The Maryland General Assembly is currently considering House Bill 1390 ("HB1390"). As introduced, HB 1390 will materially impact the utility of the Development Rights and Responsibility Agreement ("DRRA") for land owners, developers and local jurisdictions.

In a three part blog series that included " Development Rights and Responsibility Agreements: The Give and Take of Development"; " Two Recent Maryland Rulings on Development Rights and Responsibility Agreements"; and " A New Maryland Ruling on Development Rights and Responsibility Agreements – Score Another Round for the Developer," Anne-Herbert Rollins discussed the purpose and intent of the DRRA and the recent journey through the Maryland appellate court system for one particular DRRA originating from Frederick County.

The final blog in that series, " A New Maryland Ruling on Development Rights and Responsibility Agreements – Score Another Round for the Developer" captured the final events of that DRRA's journey, which culminated in the Maryland Court of Appeals' decision, Lilian C. Blentlinger , LCC, et al. v. Cleanwater LInganore, Inc. et. al, 456 Md. 272, 173 A.3d 549 (2017). In Blentlinger, the Maryland Court of Appeals held that Maryland law does not require a DRRA to provide enhanced public benefits and therefore, the DRRA at issue was valid and supported by sufficient consideration. Id.

In light of the Court of Appeals' decision in Blentlinger, HB1390 has been introduced in the Maryland House of Delegates to substantially alter the DRRA law. HB1390, sponsored by Delegate Lafferty, was introduced on February 9, 2018 as a means to modify the DRRA statutes codified in §§7-301 and 7-303 through 7-305 of the Land Use Article of the Maryland Annotated Code.
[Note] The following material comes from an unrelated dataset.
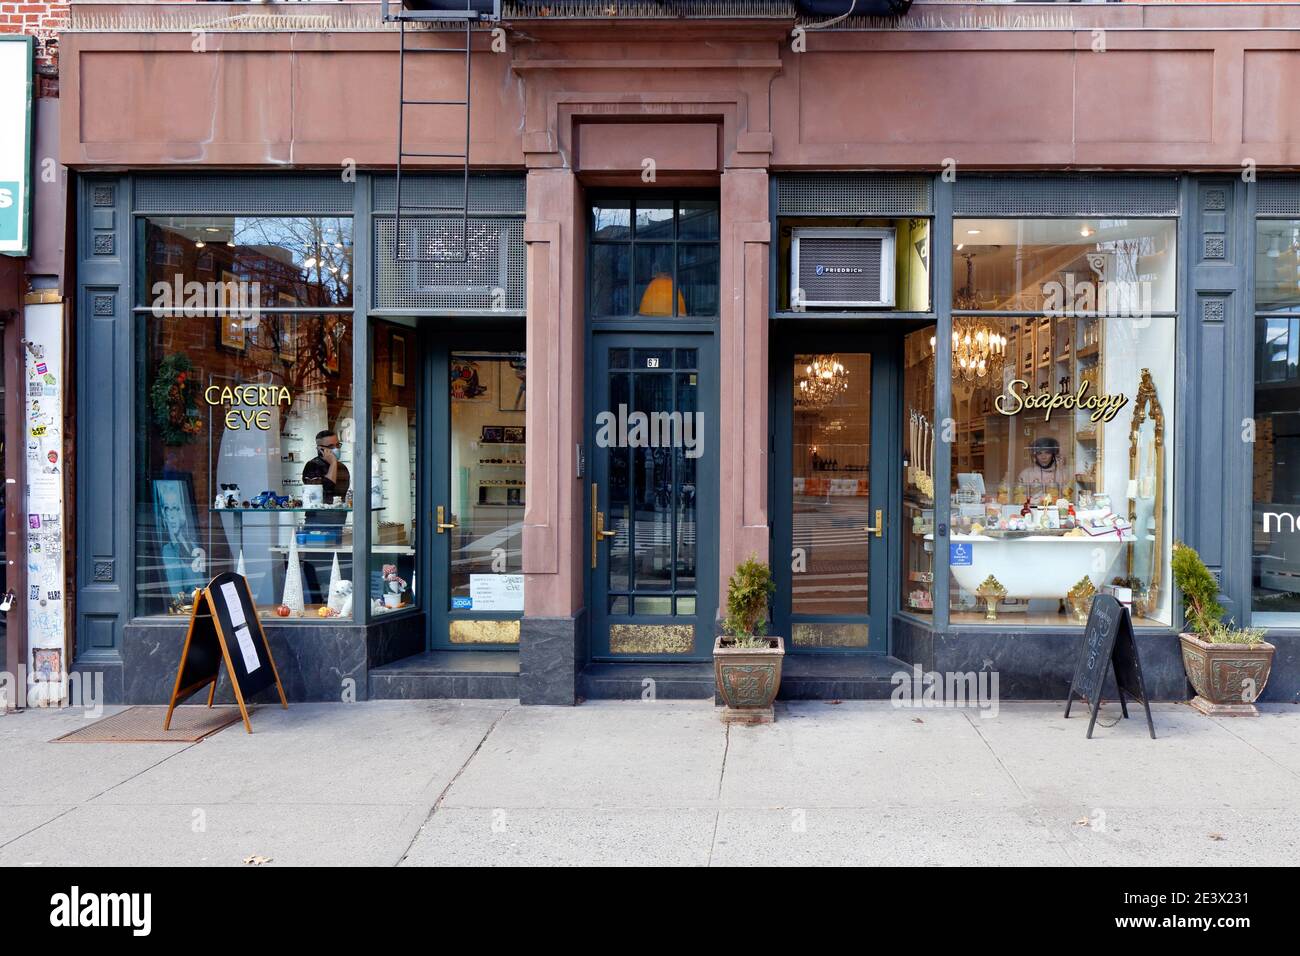 Caserta Eye, Soapology, 67 8th Ave, New York, foto di un ottico sul negozio di articoli di bellezza nel quartiere di Greenwich Village. Foto Stock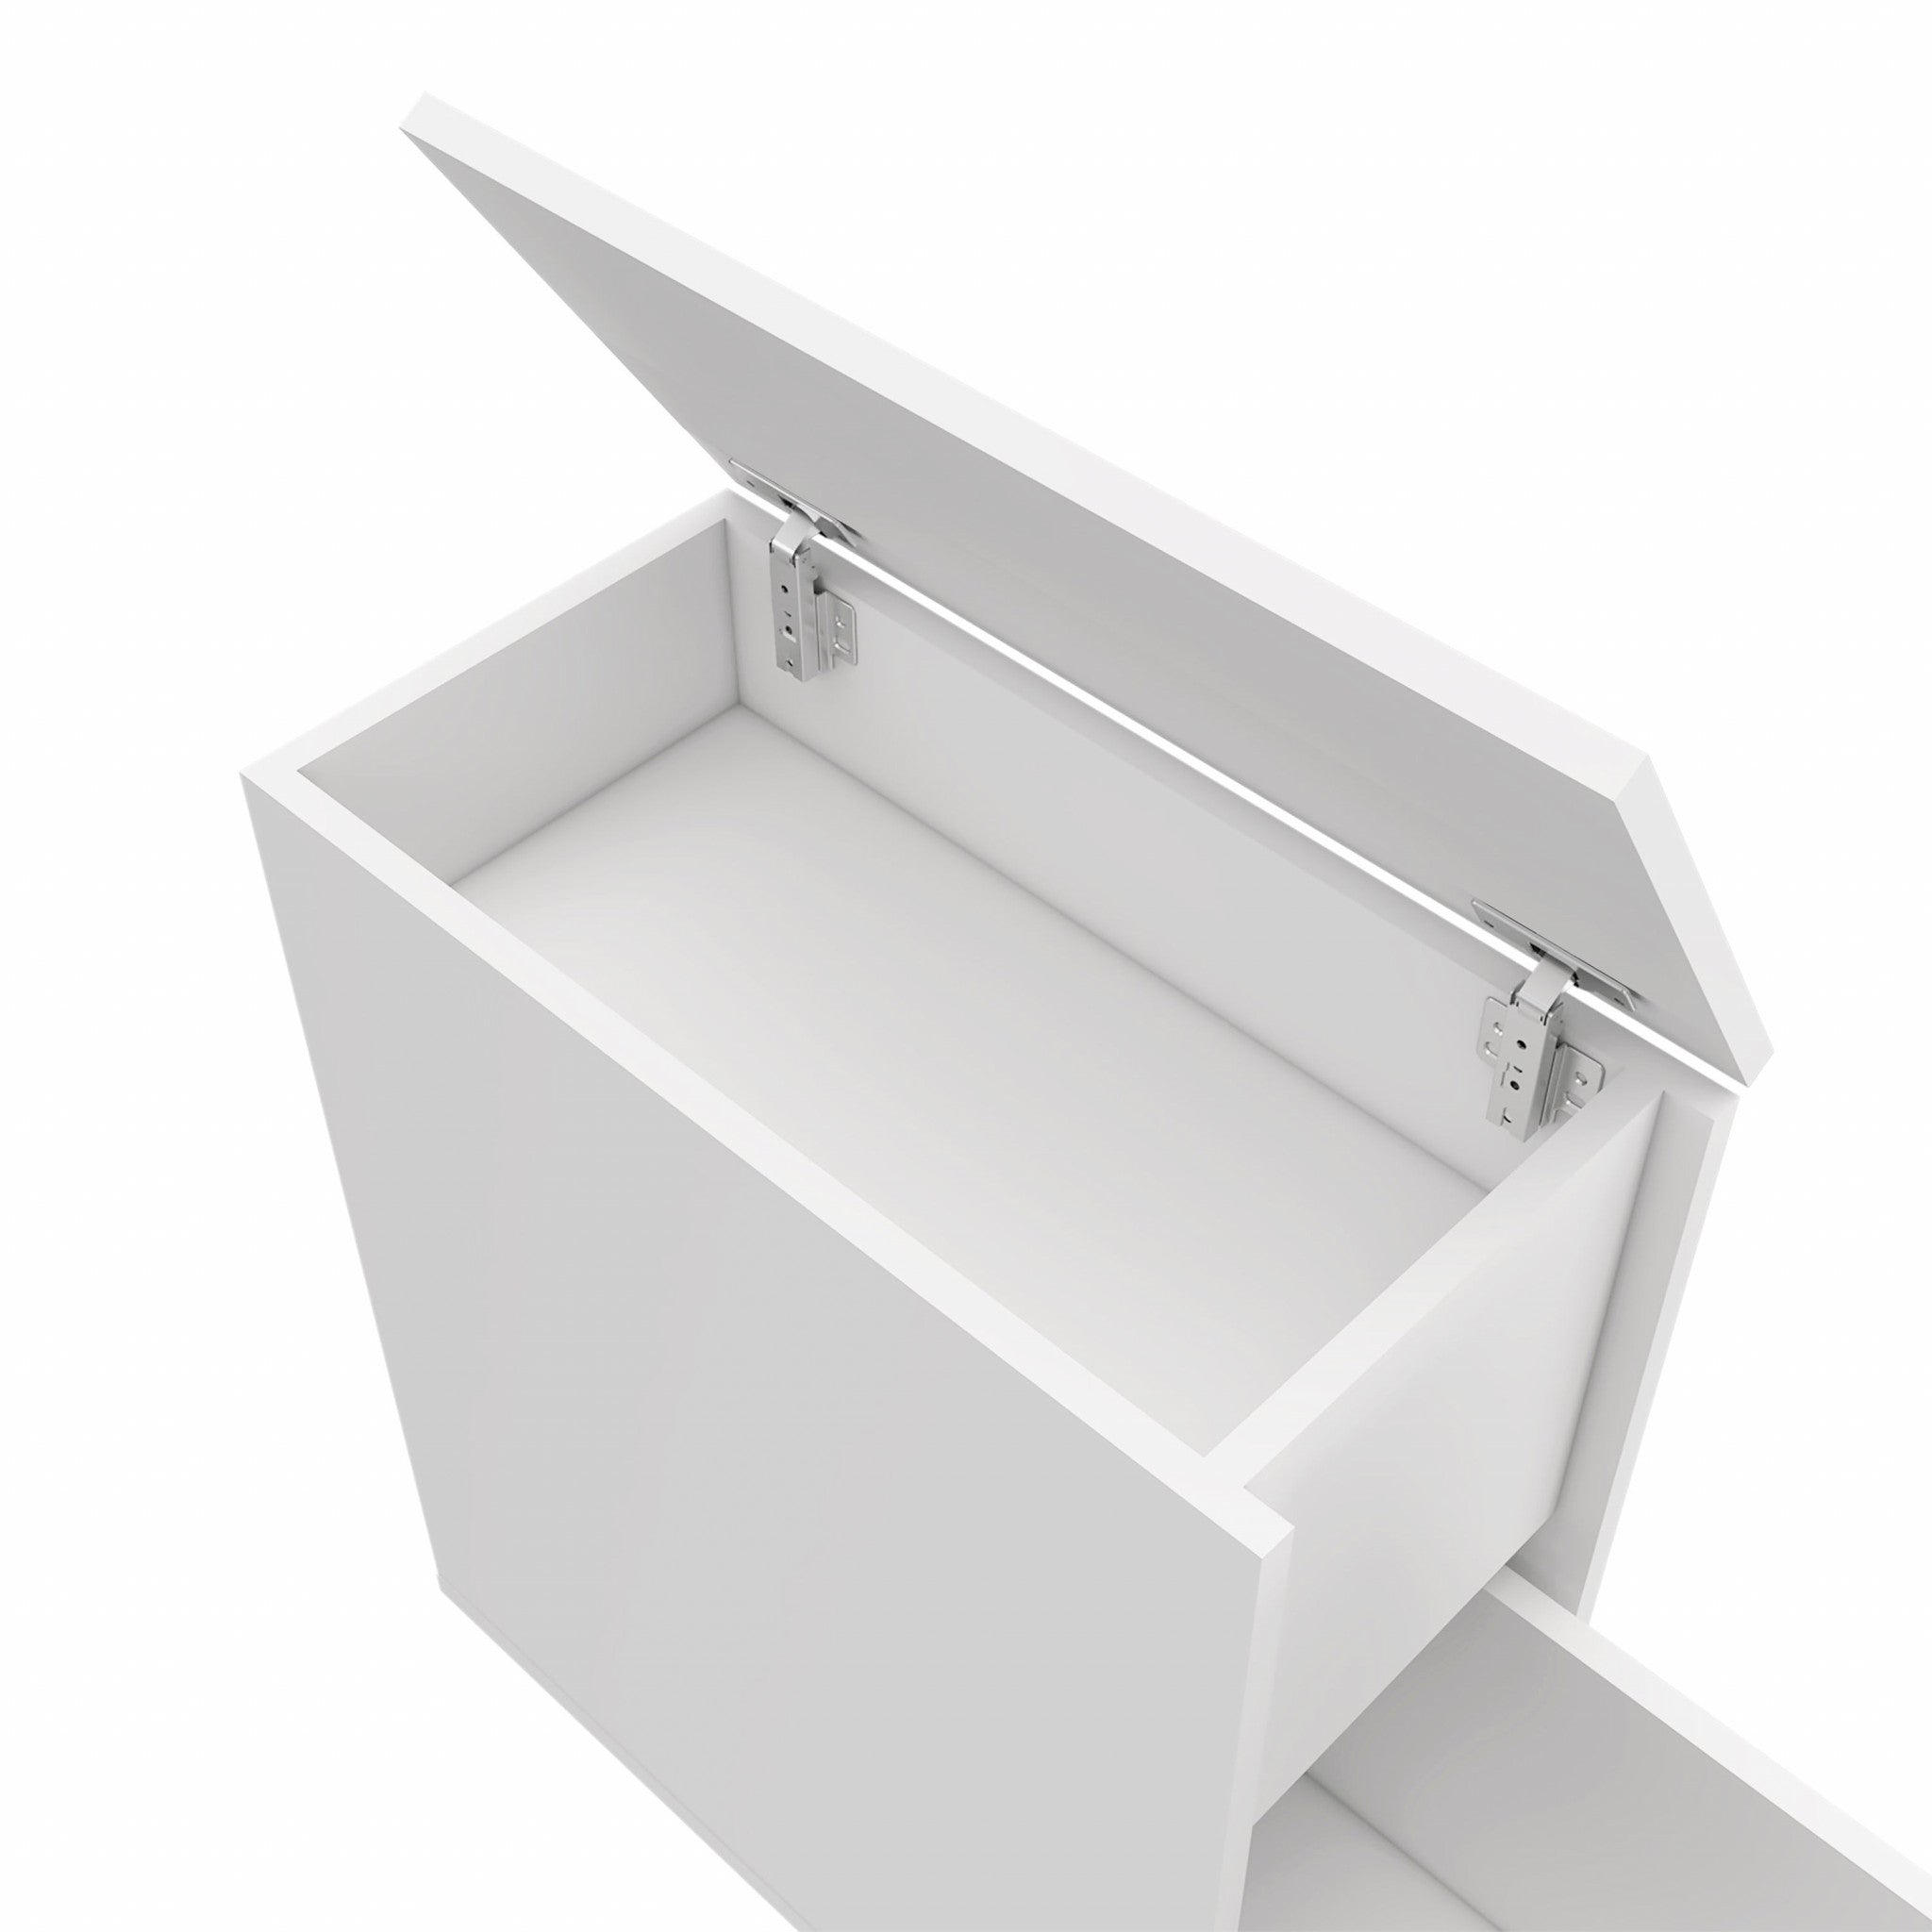 24" White One Drawer Bathroom Storage Cabinet

As introduced, HB1390 will: (i) cap the duration of a DRRA at ten years (maximum); (ii) freeze only the zoning standards instead of all laws, rules, regulations and policies governing the use, density, or intensity of the real property; (iii) allow local jurisdictions to require compliance with any other new laws, rules, regulations or policies without a finding that such compliance ensures the public health, safety or welfare; (iv) allow the local planning body to revisit the terms of the DRRA if an amendment is sought by the developer; and (v) require enhanced public benefits in the form of either:

  • parklands, open space and afforestation;
  • multimodal transportation facilities;
  • traffic safety improvements;
  • infrastructure; or
  • stormwater management and stream restoration.

The enhanced public benefits must be bonded by the developer.

On March 6, 2018, the Maryland House of Delegates Environment and Transportation Committee held a public hearing on HB1390. At the public hearing, Delegate Lafferty proposed amendments to HB1390. The amendments relaxed the proposed cap on the duration of the DRRA and eliminated the requirement that developers bond the enhanced public benefits.

It was clear from the opposition to HB1390 that the DRRA is a tool that retains its utility as long as Maryland remains a late vesting state. DRRAs were created to provide certainty and predictability to all the parties to a DRRA and the DRRA statute was enacted in a way that gives local jurisdictions the maximum flexibility to negotiate the terms of the DRRA, while balancing the leverage of parties' during the negotiation. HB1390 will significantly alter these fundamental provisions of the DRRA statute, a tool for both landowners/developers and local jurisdictions to plan comprehensively for the development of long term projects.